It Doesn’t Take an Artist to Make a Masterpiece

DIRECTED BY TELLER/2013

“Thank God for millionaires”, said my mother-in-law. This was just one of her typically refreshing, unconventional sentiments in a recent conversation about Tim’s Vermeer. While she herself has never come close to such exuberant financial status, she’s been in the game long enough to recognize that millionaires can make exceptional differences in the world that few others are able to. It is millionaire Tim Jenison, and others like him, who inspired that statement. He is the Tim of Penn & Teller’s surprisingly restrained yet imminently watchable new documentary, Tim’s Vermeer; a taut little film which I enjoyed every second of.
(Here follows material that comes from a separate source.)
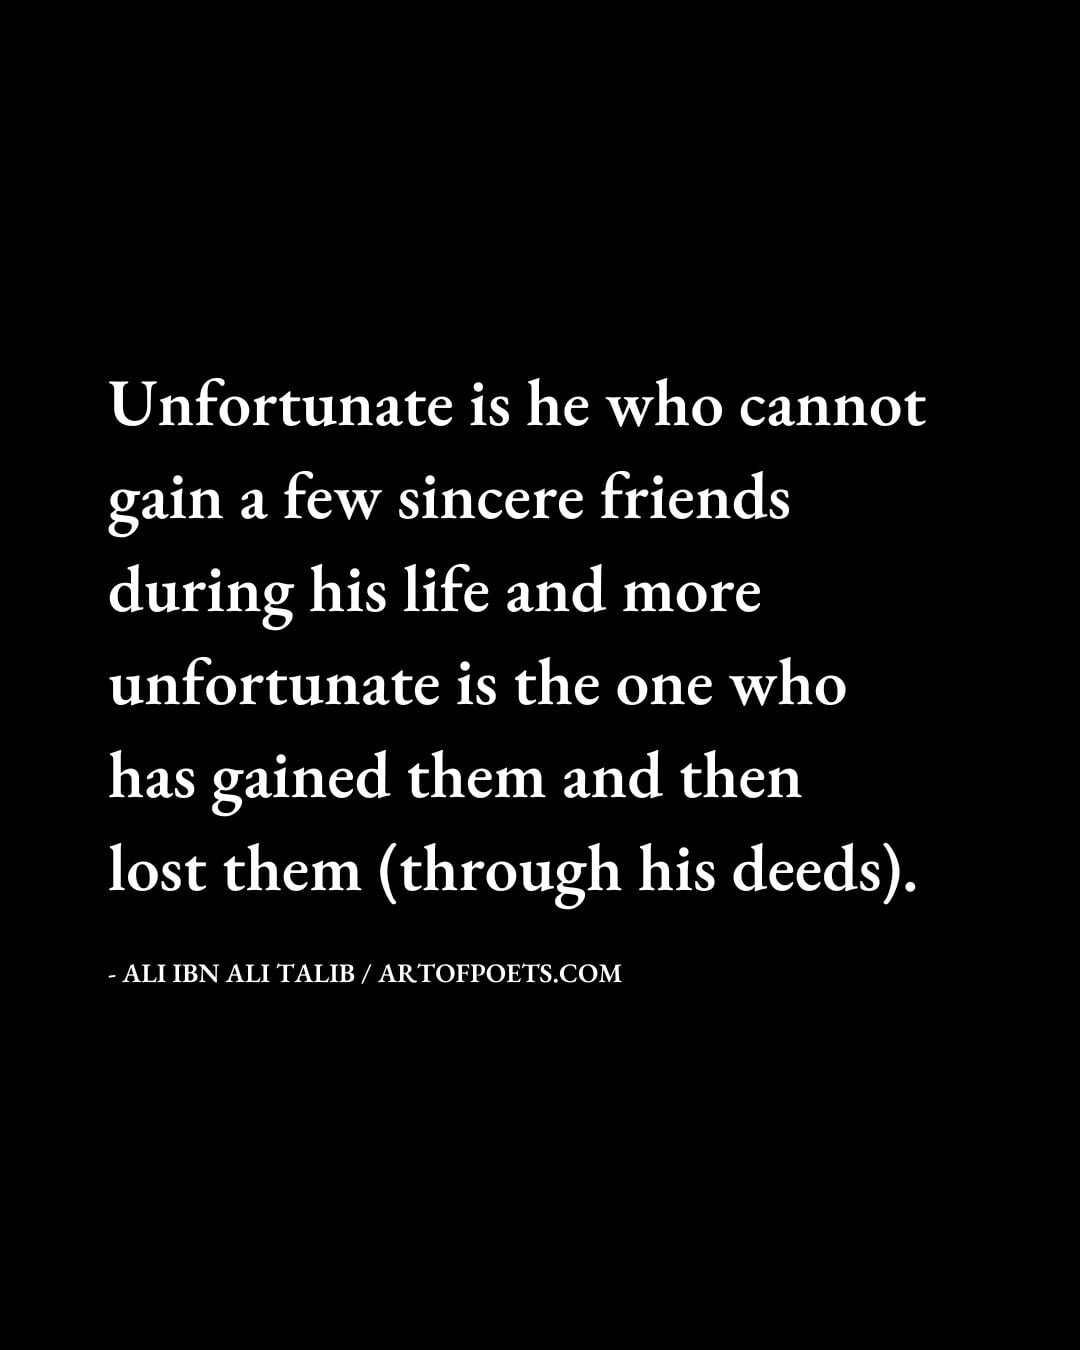 Unfortunate is he who cannot gain a few sincere friends during his life and more unfortunate is the one who has gained them and then lost them through his deeds
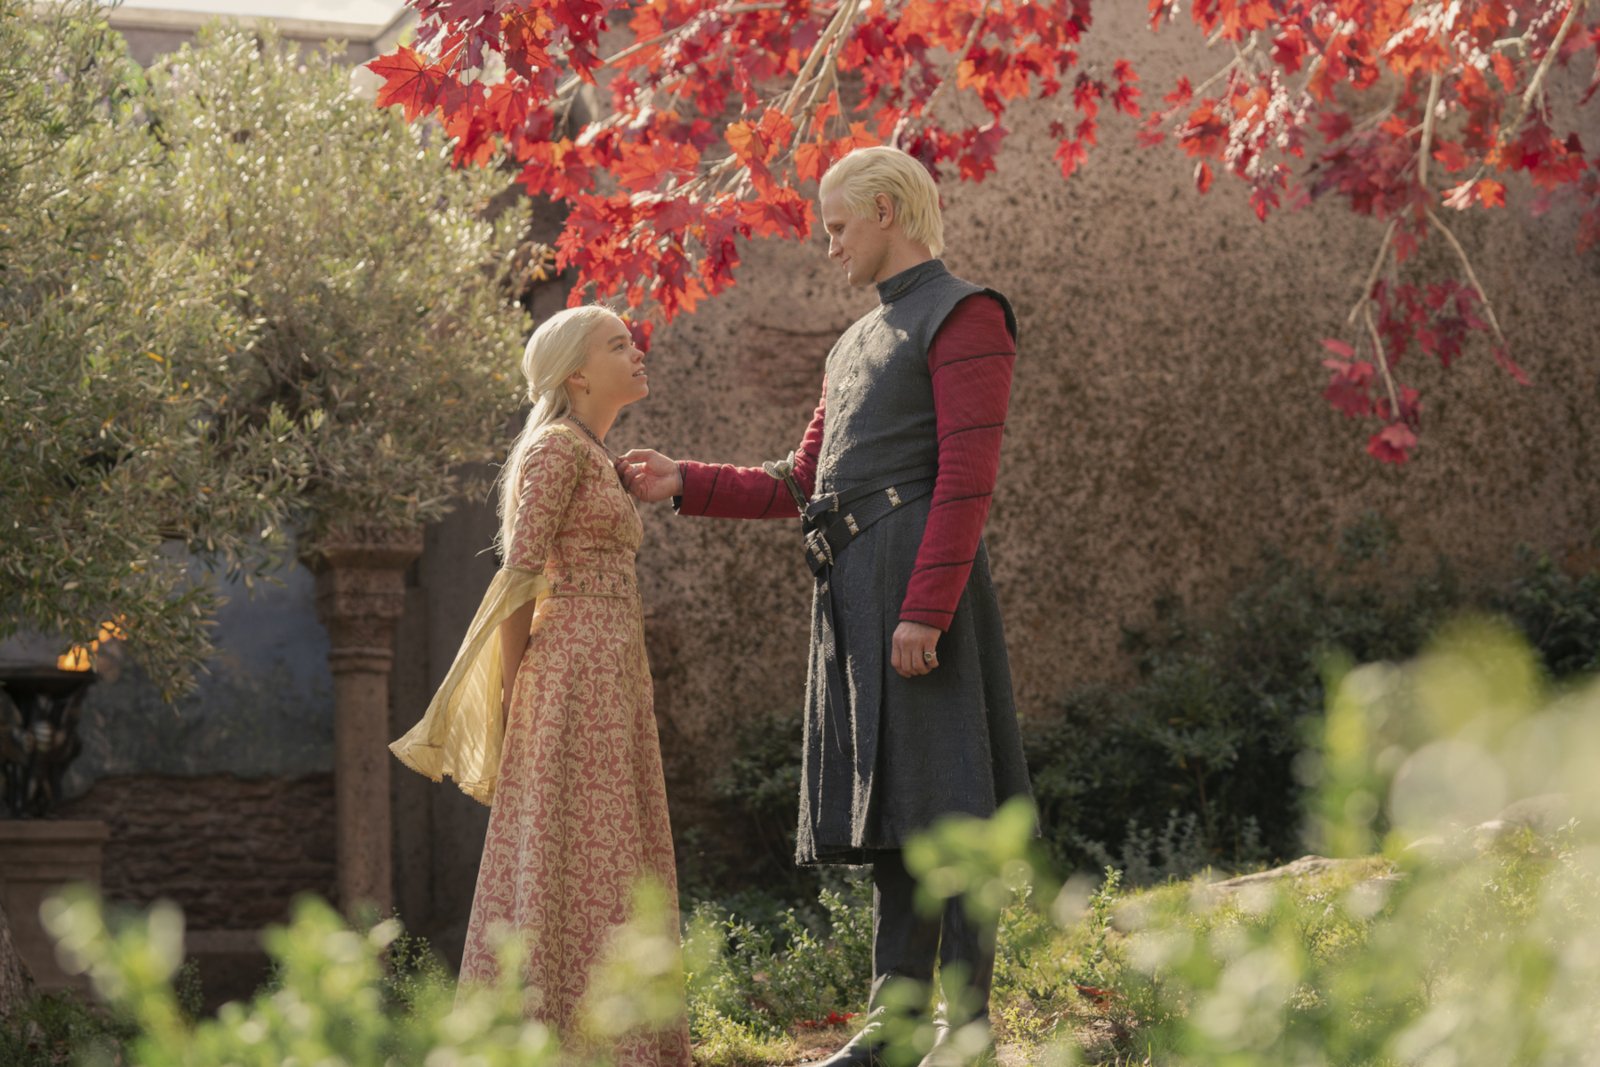 Milly Alcock and Matt Smith as Rhaenyra and Daemon Targaryen in 'House of the Dragon' for our article about episode 5. They're standing beneath a tree with red petals, and Daemon is holding the necklace around Rhaenyra's neck.

Jenison, now greying and well into middle age, made it big years ago in the world of post-production video, having invented the “Video Toaster”, a ground-breaking computer-graphics generator. He is also the founder of the successful San Antonio-based NewTek technology company. With his fortune secure, but his innovative and curious mind ever reeling, he turns his attention towards unlocking the secrets of artisans past, particularly the deeply buried secrets of Dutch Master Painter, Johannes Vermeer. This is indeed worth being thankful for, as Tim’s great obsession, documented from beginning to end, is the all-consuming stuff of which no financial mortal could take on.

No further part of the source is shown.